REQUIRED WORK >> Please restate word for word the lines of the entries below from the one with "Eight bands will" to the one with "Galaxy Handyhülle - Worlds", inclusive, and leave out every picture.

[AVAILABLE RECORDS — start]

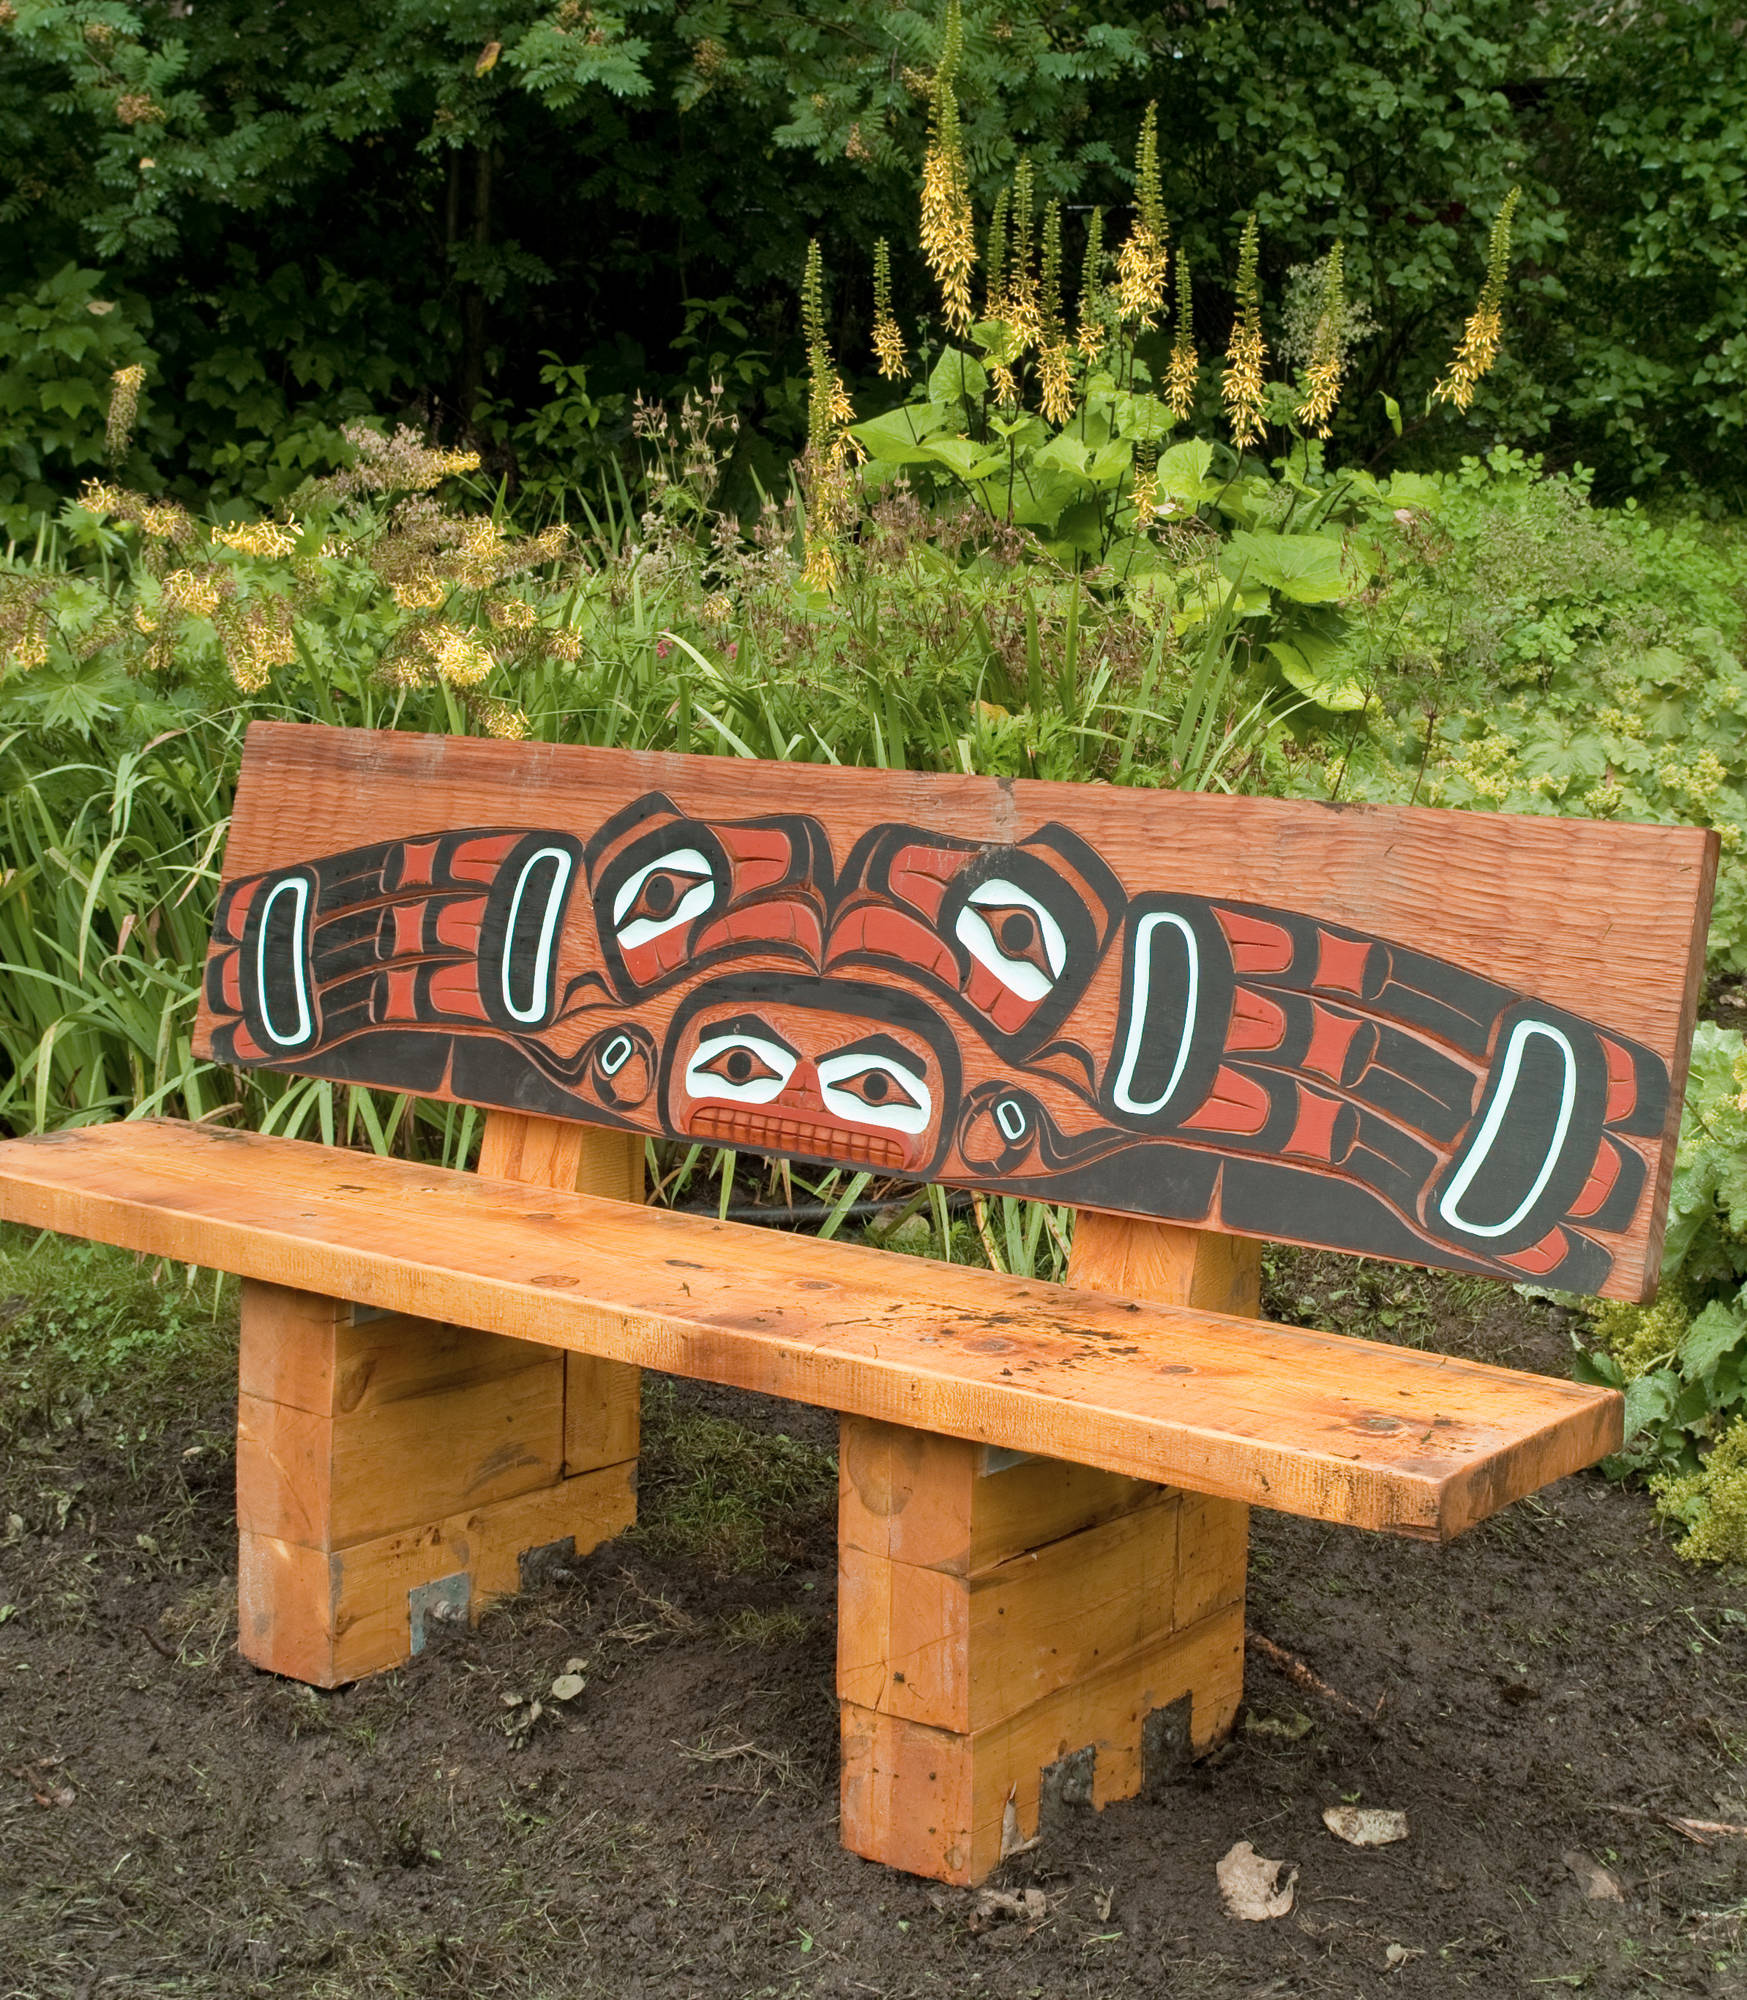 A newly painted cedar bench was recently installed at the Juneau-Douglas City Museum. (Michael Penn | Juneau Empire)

[AVAILABLE RECORDS — finish]
[AVAILABLE RECORDS — start]

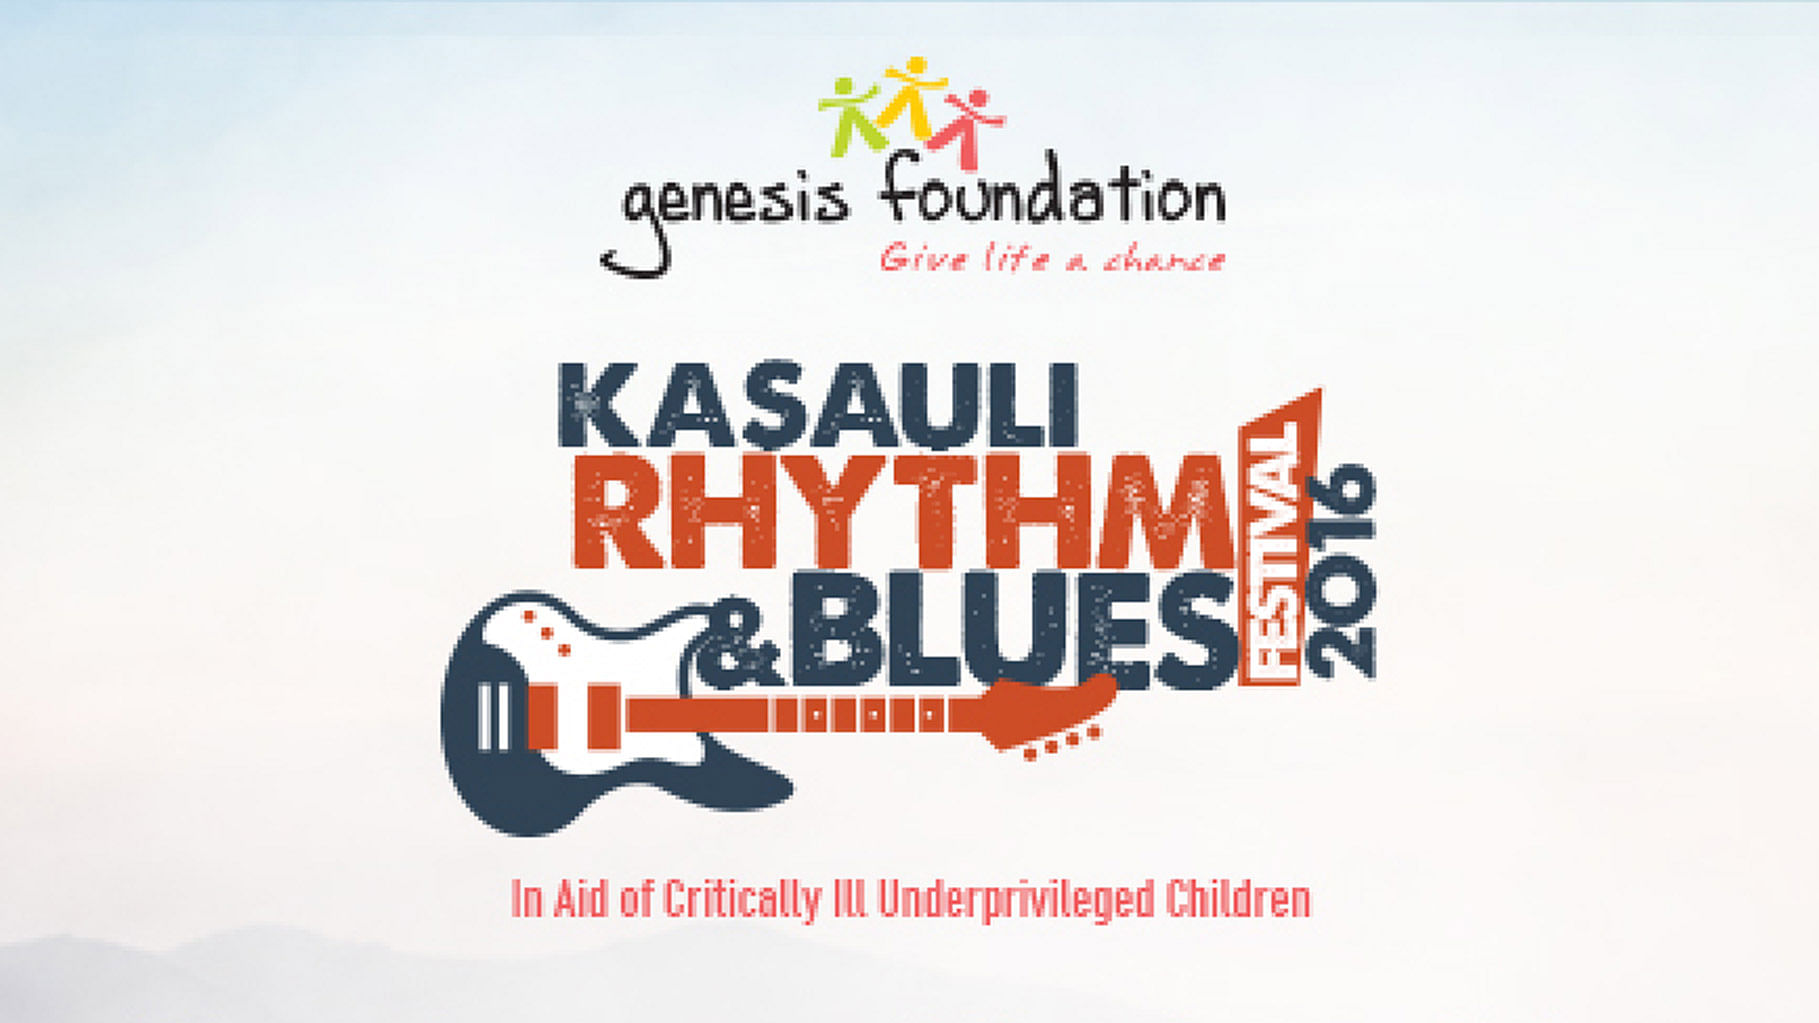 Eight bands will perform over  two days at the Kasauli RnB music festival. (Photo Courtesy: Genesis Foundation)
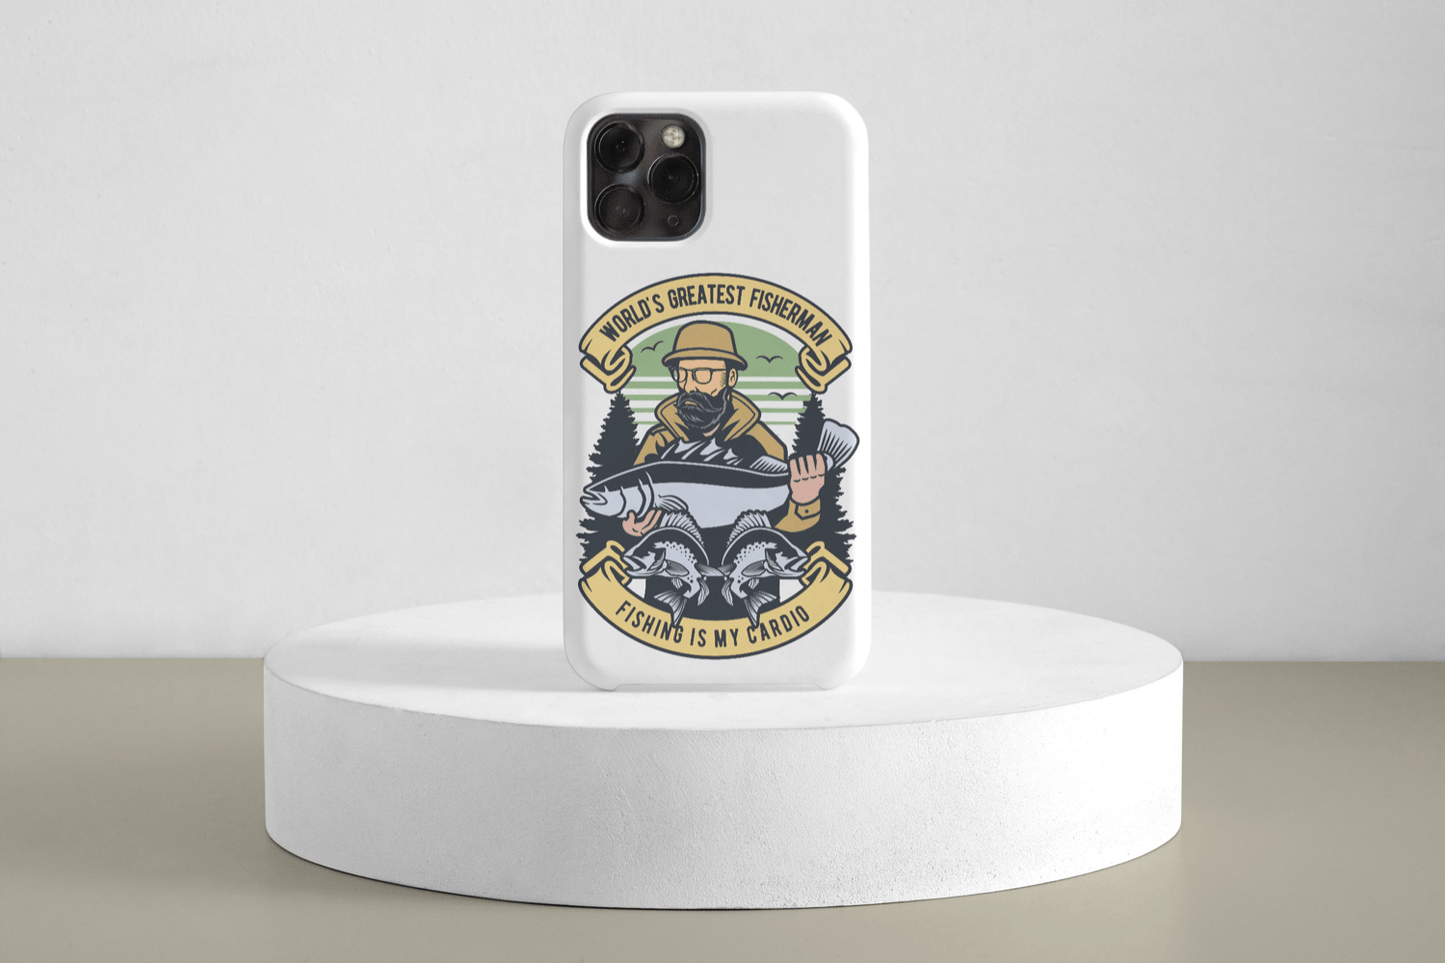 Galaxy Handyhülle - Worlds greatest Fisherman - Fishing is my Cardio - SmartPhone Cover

[AVAILABLE RECORDS — finish]

YOUR SOLUTION >>
 Eight bands will perform over  two days at the Kasauli RnB music festival. (Photo Courtesy: Genesis Foundation)
 Galaxy Handyhülle - Worlds greatest Fisherman - Fishing is my Cardio - SmartPhone Cover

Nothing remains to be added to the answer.